It’s been about a month since the last update, so I’ve got a whole slew of changes to note with this update. However, before noting the things that are fixed, I should note the things that are enhanced. Over the last month, I’ve written ~10,000 new lines of code to continue to work to make MarcEdit a bit more friendly for it’s international userbase. One of the things that I find surprising sometimes is that more international users don’t use UTF8 when describing their MARC data. Most (and I actually blame this on the US since we have seemed to be very unicode adverse up to a few years ago when in came to software design) international users I speak to require a tool that can utilize a wide variety of codepages, rather than the ability to work with MARC8 or UTF8. For example, recently I was asked about allowing MarcEdit to convert data from UTF8 and MARC8 to GBK or codepage 936 (Simplified Chinese). For international users I have always assumed that most would have simply gravitated to UTF8, and oddly, this doesn’t seem to always be the case.

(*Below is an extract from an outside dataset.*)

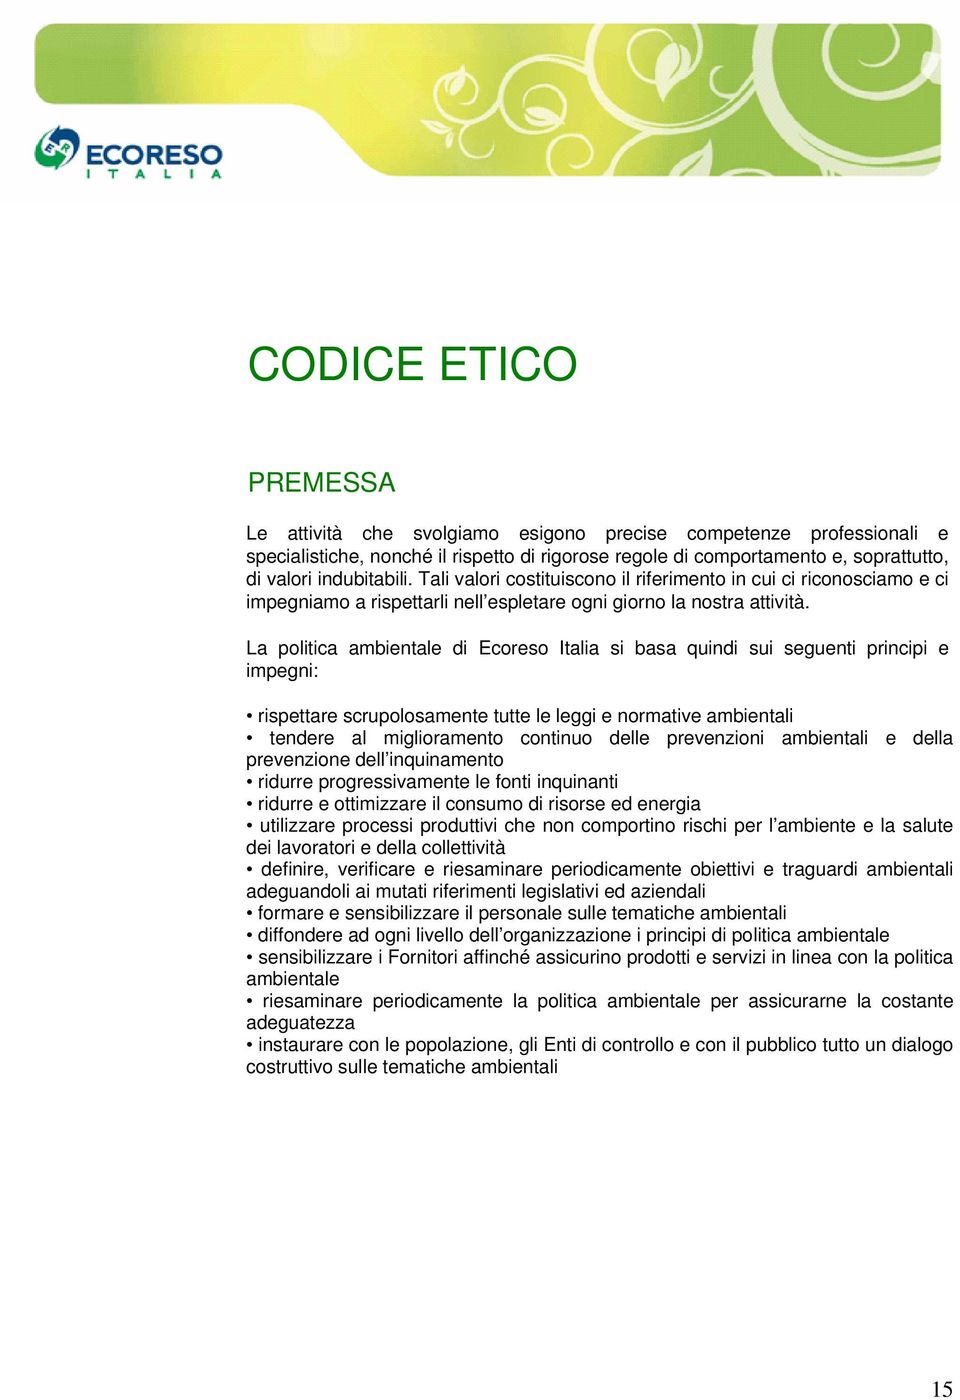 La politica ambientale di Ecoreso Italia si basa quindi sui seguenti principi e impegni: rispettare scrupolosamente tutte le leggi e normative ambientali tendere al miglioramento continuo delle

So, the question that consistantly comes up is how can I user MarcEdit with records using these types of datasets? Does MarcEdit support them? The short answer has always been, yes, but… The MARCEngine itself is fairly data agnostic. It reads data at a bit level and can handle any character encoding. It works best with UTF8 data, can convert UTF and MARC8 data back and forth, but will work fine with other encodings. The trick is to turn off the diacritics processing so you can view your mnemonic file within a different file editor. Otherwise, MarcEdit will replace characters with mnemonics — creating a funky looking file that borders on unusable. Generally, when folks asked me these questions, I would give them the advice above, primarily because the MarcEditor had only supported UTF8. MarcEdit’s MarcEditor was designed specifically to read the mnemonic or UTF8 formated data — so data in other charactersets (including raw MARC8 — which is why I use mnemonics) where flattened, losing diacritics. A problem for folks that wanted to use alternative character encodings.
With that in mind, I’ve spent the last month reworking much of the code in the MarcEditor and ancillary functions so now users can specify the default codepage to be used by the MarcEditor. This allows someone using GBK to specify that as the MarcEditor codepage and voila, the program will now allow you to open, edit and save data using that codepage. Pretty cool. Here’s exactly how it works (it requires the setting of two option values).
- Open MarcEdit and select Preferences
- From preferences, first select the MarcEditor tab and chance the default encoding from UTF8 to your preferred encoding (for this sample, we’ll choose simplified chinese).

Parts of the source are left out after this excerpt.